**Exercise goal**:
The records below are to be duplicated exactly as they appear.

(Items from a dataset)

--- START ---

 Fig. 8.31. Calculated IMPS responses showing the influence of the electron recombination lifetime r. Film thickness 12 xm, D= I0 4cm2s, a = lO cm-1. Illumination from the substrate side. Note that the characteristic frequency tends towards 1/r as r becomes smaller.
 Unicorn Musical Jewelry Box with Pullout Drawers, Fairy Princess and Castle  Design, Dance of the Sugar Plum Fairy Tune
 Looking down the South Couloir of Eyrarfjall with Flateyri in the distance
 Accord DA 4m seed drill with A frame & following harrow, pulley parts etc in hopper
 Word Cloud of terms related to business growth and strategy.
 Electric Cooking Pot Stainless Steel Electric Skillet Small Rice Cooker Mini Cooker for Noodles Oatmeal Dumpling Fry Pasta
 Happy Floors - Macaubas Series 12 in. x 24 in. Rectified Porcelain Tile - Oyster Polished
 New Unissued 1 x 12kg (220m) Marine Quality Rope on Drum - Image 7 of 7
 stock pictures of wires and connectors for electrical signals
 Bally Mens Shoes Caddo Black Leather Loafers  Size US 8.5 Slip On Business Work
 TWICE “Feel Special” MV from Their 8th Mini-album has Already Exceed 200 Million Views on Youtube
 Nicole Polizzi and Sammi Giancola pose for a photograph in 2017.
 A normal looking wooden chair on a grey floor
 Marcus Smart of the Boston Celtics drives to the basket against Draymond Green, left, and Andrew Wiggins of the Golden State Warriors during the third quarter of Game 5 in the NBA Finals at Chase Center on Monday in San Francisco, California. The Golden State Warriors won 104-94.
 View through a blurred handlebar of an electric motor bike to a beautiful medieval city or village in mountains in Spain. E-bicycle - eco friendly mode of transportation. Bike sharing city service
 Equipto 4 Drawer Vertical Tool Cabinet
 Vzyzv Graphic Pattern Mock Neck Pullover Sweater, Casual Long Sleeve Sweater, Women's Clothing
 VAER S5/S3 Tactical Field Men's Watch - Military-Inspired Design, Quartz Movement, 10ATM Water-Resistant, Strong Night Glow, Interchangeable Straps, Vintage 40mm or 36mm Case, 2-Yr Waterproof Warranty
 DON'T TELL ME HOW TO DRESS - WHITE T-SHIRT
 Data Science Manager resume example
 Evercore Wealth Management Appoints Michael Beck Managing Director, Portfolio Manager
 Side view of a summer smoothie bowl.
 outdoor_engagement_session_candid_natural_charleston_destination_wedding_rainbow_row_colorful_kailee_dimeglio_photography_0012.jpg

--- END ---

**Exercise result**:
 Fig. 8.31. Calculated IMPS responses showing the influence of the electron recombination lifetime r. Film thickness 12 xm, D= I0 4cm2s, a = lO cm-1. Illumination from the substrate side. Note that the characteristic frequency tends towards 1/r as r becomes smaller.
 Unicorn Musical Jewelry Box with Pullout Drawers, Fairy Princess and Castle  Design, Dance of the Sugar Plum Fairy Tune
 Looking down the South Couloir of Eyrarfjall with Flateyri in the distance
 Accord DA 4m seed drill with A frame & following harrow, pulley parts etc in hopper
 Word Cloud of terms related to business growth and strategy.
 Electric Cooking Pot Stainless Steel Electric Skillet Small Rice Cooker Mini Cooker for Noodles Oatmeal Dumpling Fry Pasta
 Happy Floors - Macaubas Series 12 in. x 24 in. Rectified Porcelain Tile - Oyster Polished
 New Unissued 1 x 12kg (220m) Marine Quality Rope on Drum - Image 7 of 7
 stock pictures of wires and connectors for electrical signals
 Bally Mens Shoes Caddo Black Leather Loafers  Size US 8.5 Slip On Business Work
 TWICE “Feel Special” MV from Their 8th Mini-album has Already Exceed 200 Million Views on Youtube
 Nicole Polizzi and Sammi Giancola pose for a photograph in 2017.
 A normal looking wooden chair on a grey floor
 Marcus Smart of the Boston Celtics drives to the basket against Draymond Green, left, and Andrew Wiggins of the Golden State Warriors during the third quarter of Game 5 in the NBA Finals at Chase Center on Monday in San Francisco, California. The Golden State Warriors won 104-94.
 View through a blurred handlebar of an electric motor bike to a beautiful medieval city or village in mountains in Spain. E-bicycle - eco friendly mode of transportation. Bike sharing city service
 Equipto 4 Drawer Vertical Tool Cabinet
 Vzyzv Graphic Pattern Mock Neck Pullover Sweater, Casual Long Sleeve Sweater, Women's Clothing
 VAER S5/S3 Tactical Field Men's Watch - Military-Inspired Design, Quartz Movement, 10ATM Water-Resistant, Strong Night Glow, Interchangeable Straps, Vintage 40mm or 36mm Case, 2-Yr Waterproof Warranty
 DON'T TELL ME HOW TO DRESS - WHITE T-SHIRT
 Data Science Manager resume example
 Evercore Wealth Management Appoints Michael Beck Managing Director, Portfolio Manager
 Side view of a summer smoothie bowl.
 outdoor_engagement_session_candid_natural_charleston_destination_wedding_rainbow_row_colorful_kailee_dimeglio_photography_0012.jpg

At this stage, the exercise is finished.